You could use this approach to determine whether a software development team could finish a particular number of items within a specific period.

Caveats to pay attention to when building Monte Carlo simulations

Before claiming that the simulation above is reliable, I must expose a few things you’ll need to pay attention to when using a Monte Carlo Simulation to make forecasts:

  • The quality of the inputs upon which your simulations depend.
  • The consistency and predictability of your team.
  • The need to re-forecast.
  • The size of your work packages.

Quality of the inputs

Assume you had a team of ten engineers last year, but half of them quit the company three months ago. If you were to simulate how long this team would take to complete a project, you should not use throughput data from more than three months ago.

If you use a 10-engineer team’s throughput data to forecast the performance of a 5-engineer team, you will get over-optimistic results.

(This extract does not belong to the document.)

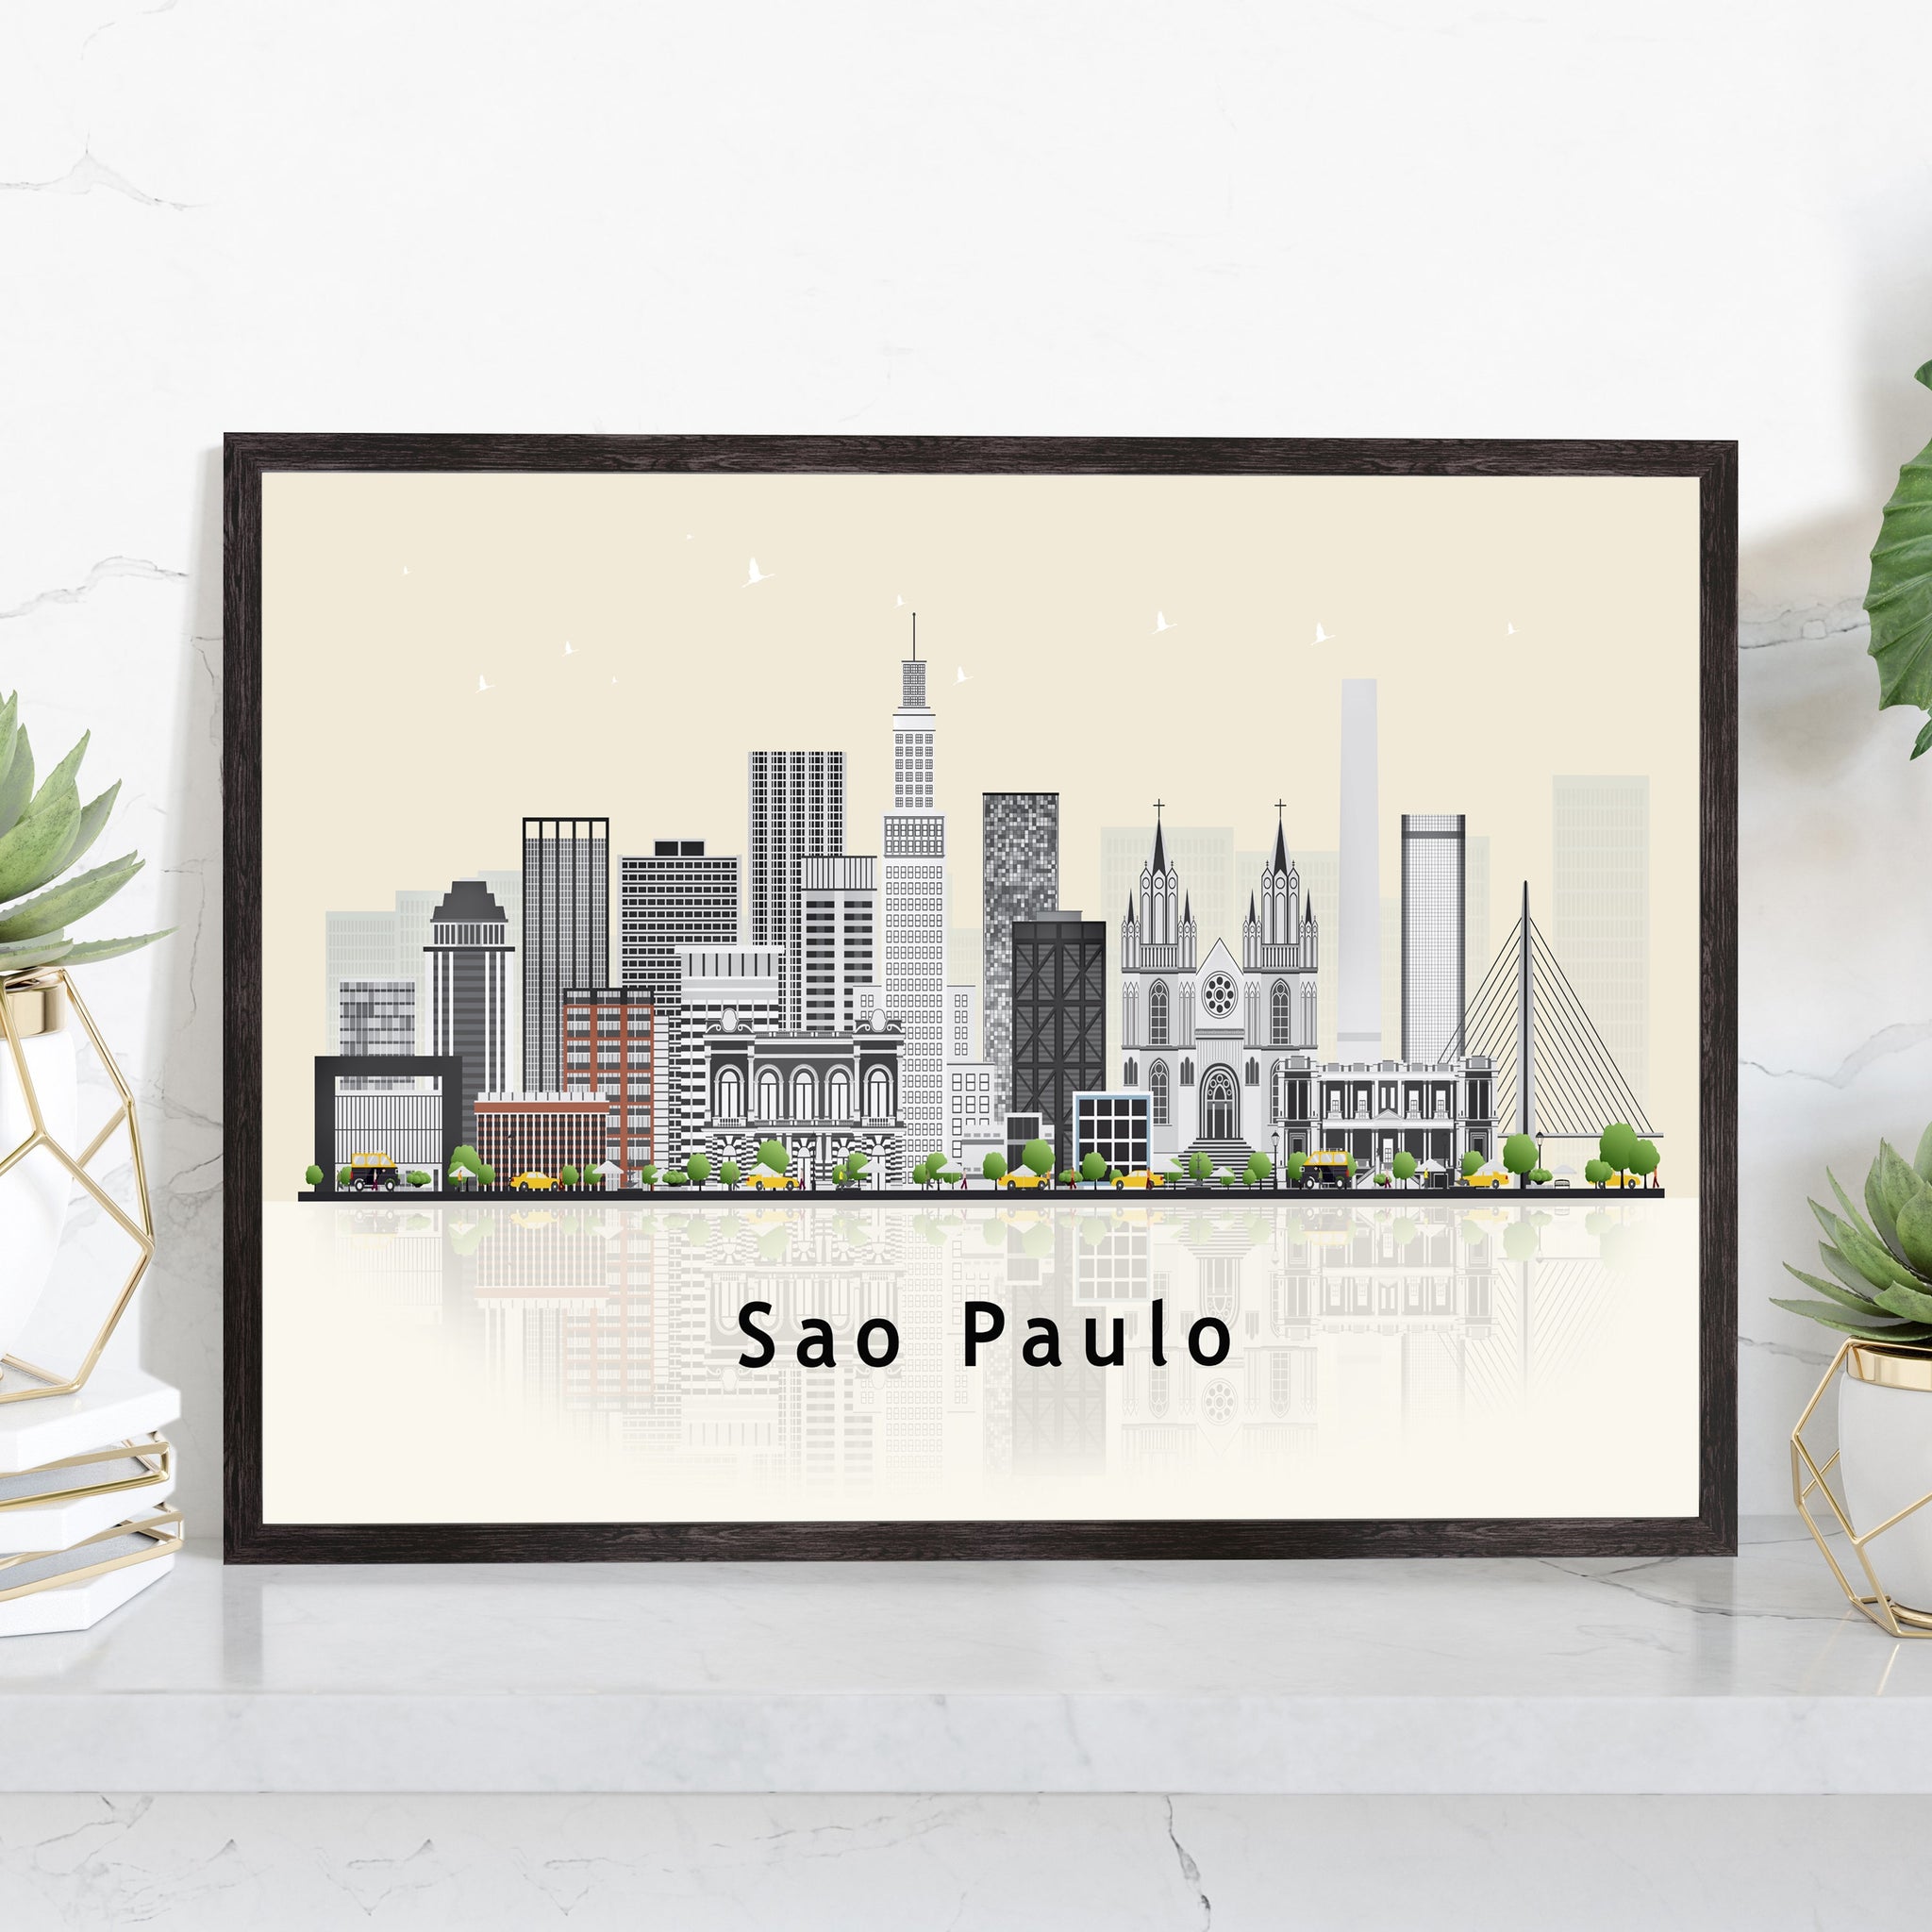 SAO PAULO Brazil Illustration skyline poster, Modern skyline cityscape poster, City skyline landmark map poster, Home wall decoration

Similarly, if your team doubles in size, your simulation should not use historical data from when you had half the number of people. In this case, you also can't just assume projects will take half the time because it's extremely unlikely that productivity will scale linearly as you hire more developers.

Additionally, other factors like holidays or a massive rewrite can impact your input data.

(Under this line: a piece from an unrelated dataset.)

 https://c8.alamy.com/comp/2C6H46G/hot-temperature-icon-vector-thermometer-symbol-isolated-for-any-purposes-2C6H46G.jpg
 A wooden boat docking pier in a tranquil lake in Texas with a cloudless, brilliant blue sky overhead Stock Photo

Your team’s throughput between Christmas and New Year’s Eve, for example, will probably not be the same as the team’s throughput in February. Similarly, a massive rewrite that drastically increases how easy it is to change and extend your software will have an equally dramatic impact on your cycle times.

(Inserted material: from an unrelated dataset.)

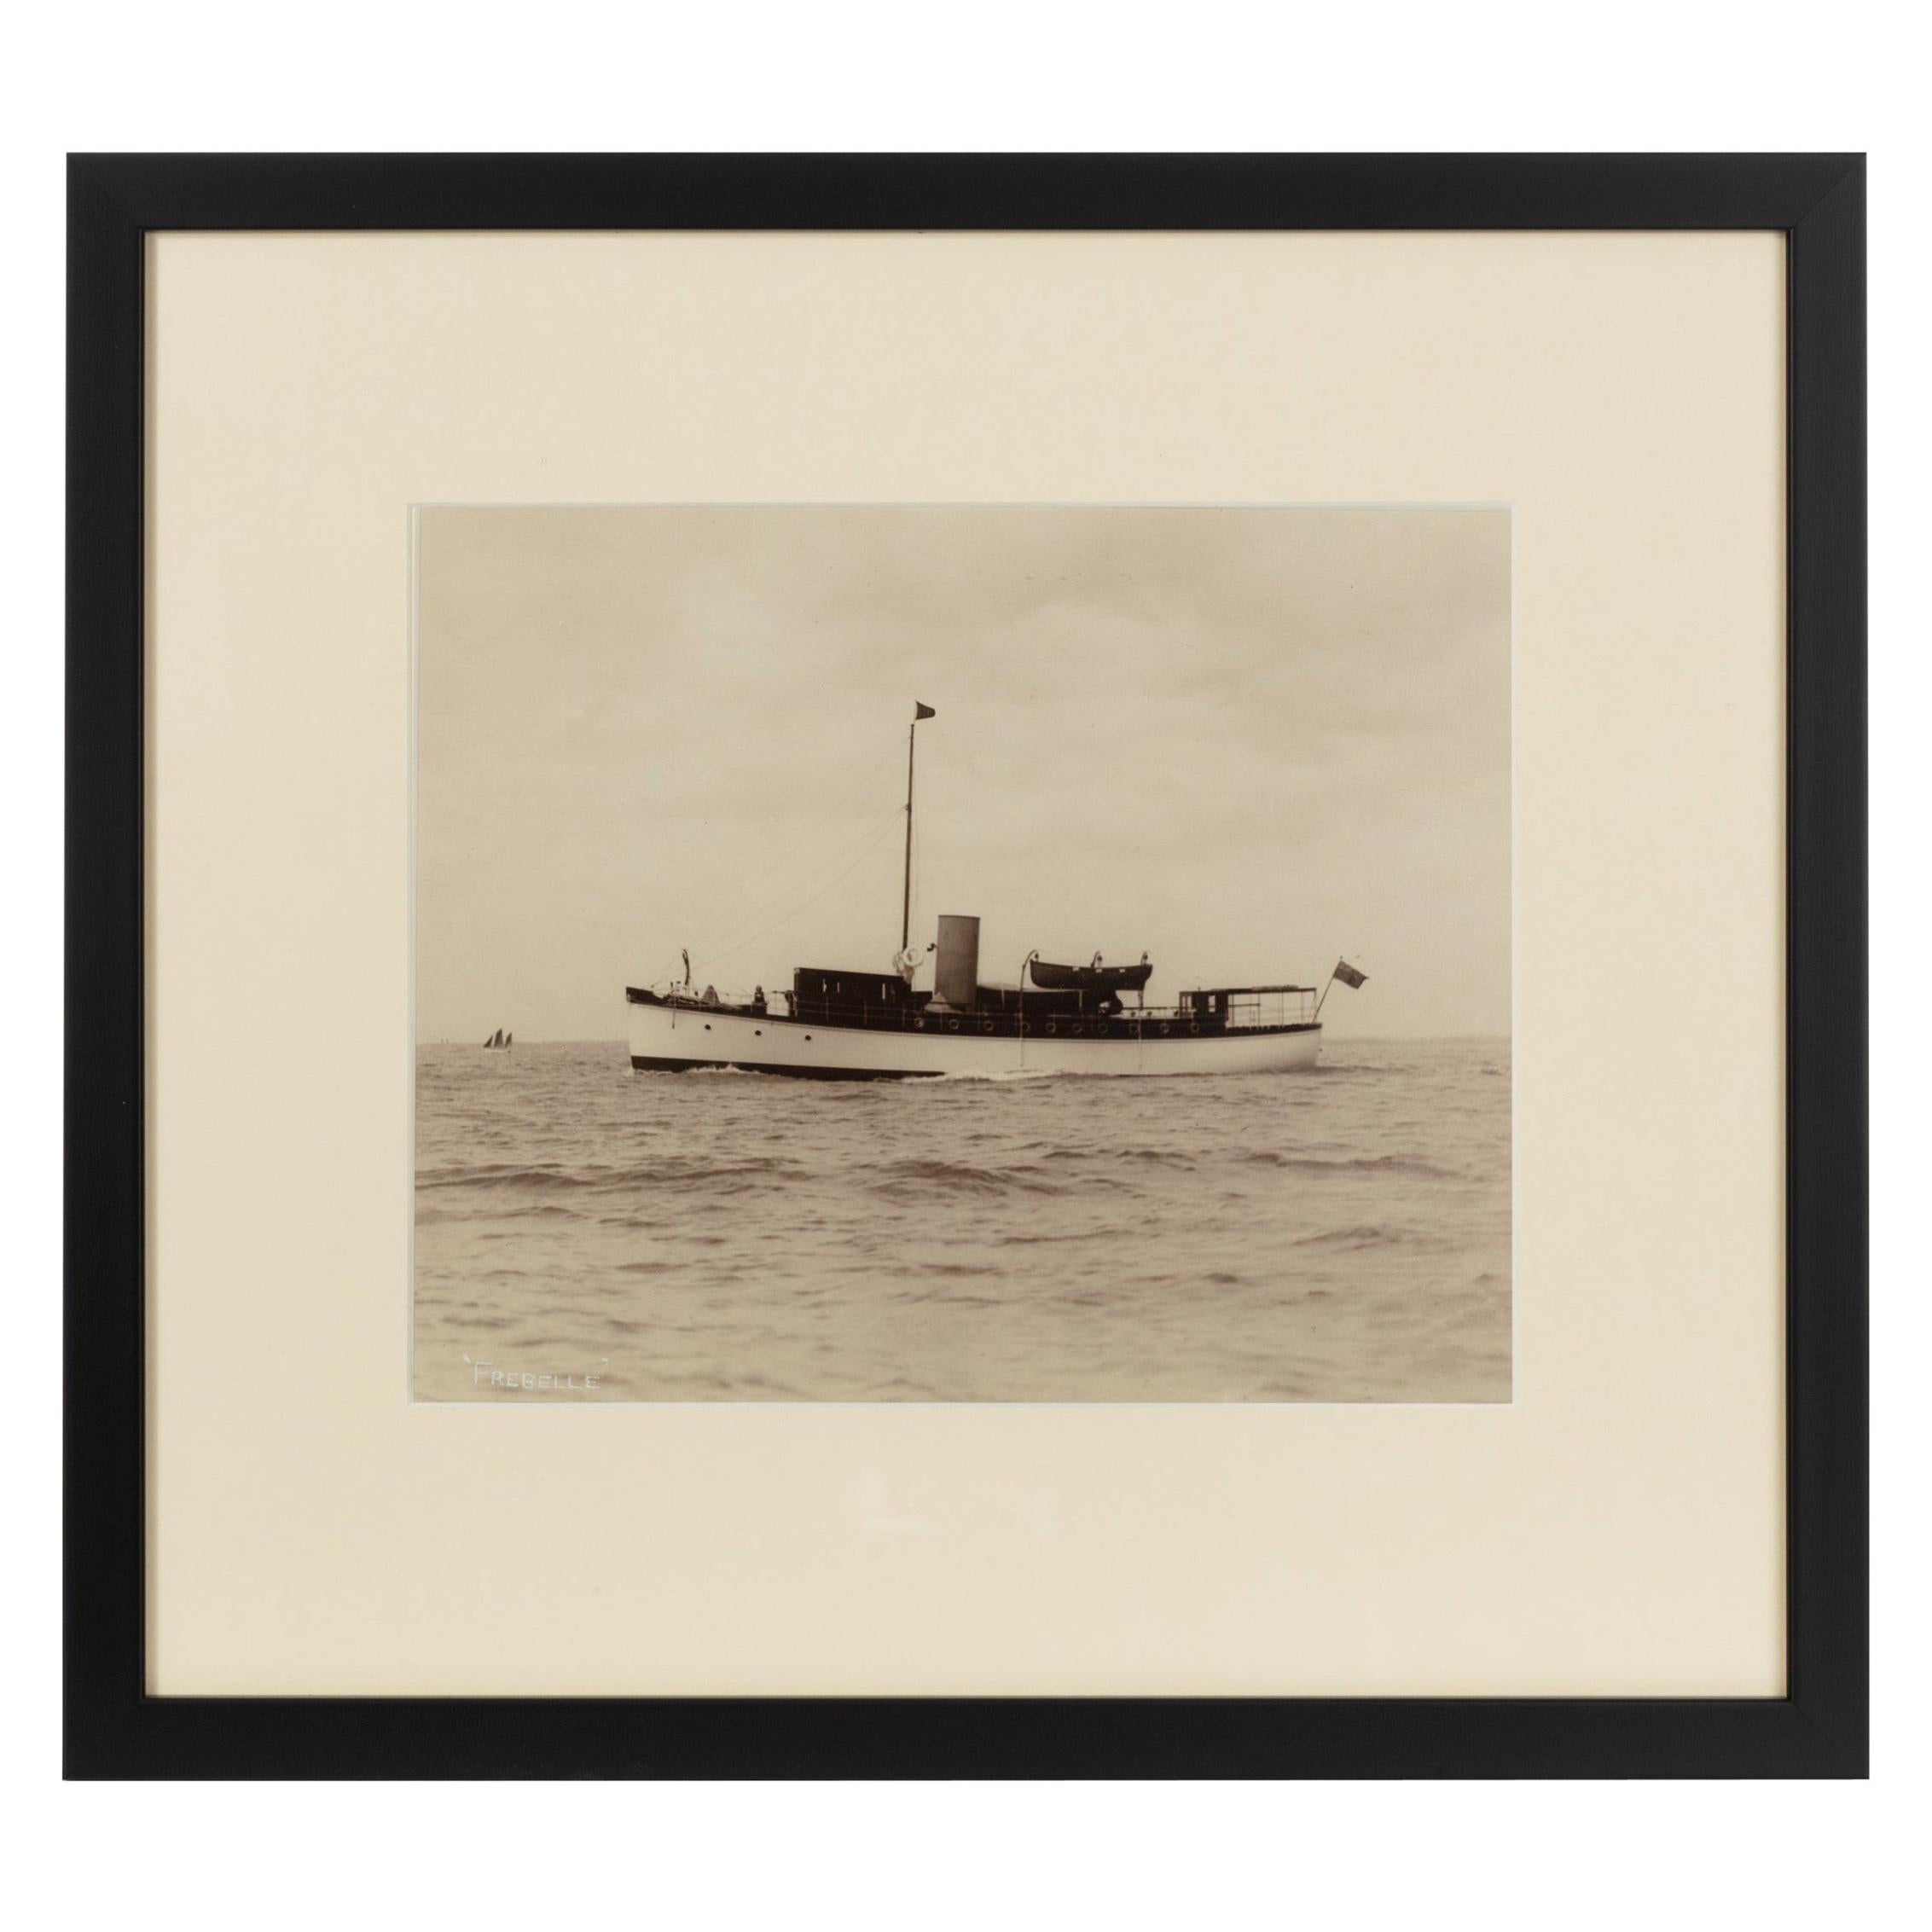 Early Silver Gelatin Photographic Print of the Gentleman’s Yacht Frebelle

As Daniel Vacanti explains in When Will It Be Done?, _ “the fundamental assumption that the Monte Carlo Simulation is making is that the future you’re trying to predict looks roughly like the past you have data for “_.

Consistency and predictability

Our simulation will work just fine for the circumstances above because I came up with more predictable throughput values.

The range of throughputs used in that code is small, and, most of the days, the team is highly consistent: it gets one or two items done. In other words, the standard deviation for this cycle-time distribution is small.

In another blog post, I’ll explain what would have happened if I had used more erratic throughput values in the previous section. For now, keep in mind that as long as you have a team with consistent throughput, this simulation will be reliable.

Quantifying "predictability" and "consistency" is also a topic for another blog post.

Re-forecast!

As your project advances, you will encounter delays, and, sometimes, you’ll get to be ahead of schedule. Therefore, re-forecasting as you progress will make your forecast more accurate because there will be fewer items and more data and, consequently, less room for error.

The more information and fewer items to simulate you have, the more your forecast will converge to reality.

Guessing who’ll win the Premier League before it starts is much more difficult than guessing the winner halfway in, for example.

When the league starts, you have many games to simulate, so you have more room for error.

At that time, you also don't have data that reflects the current lineup performance. Imagine forecasting Barcelona's performance in 2021 using last year's lineup, for example. It certainly won't be the same without Messi.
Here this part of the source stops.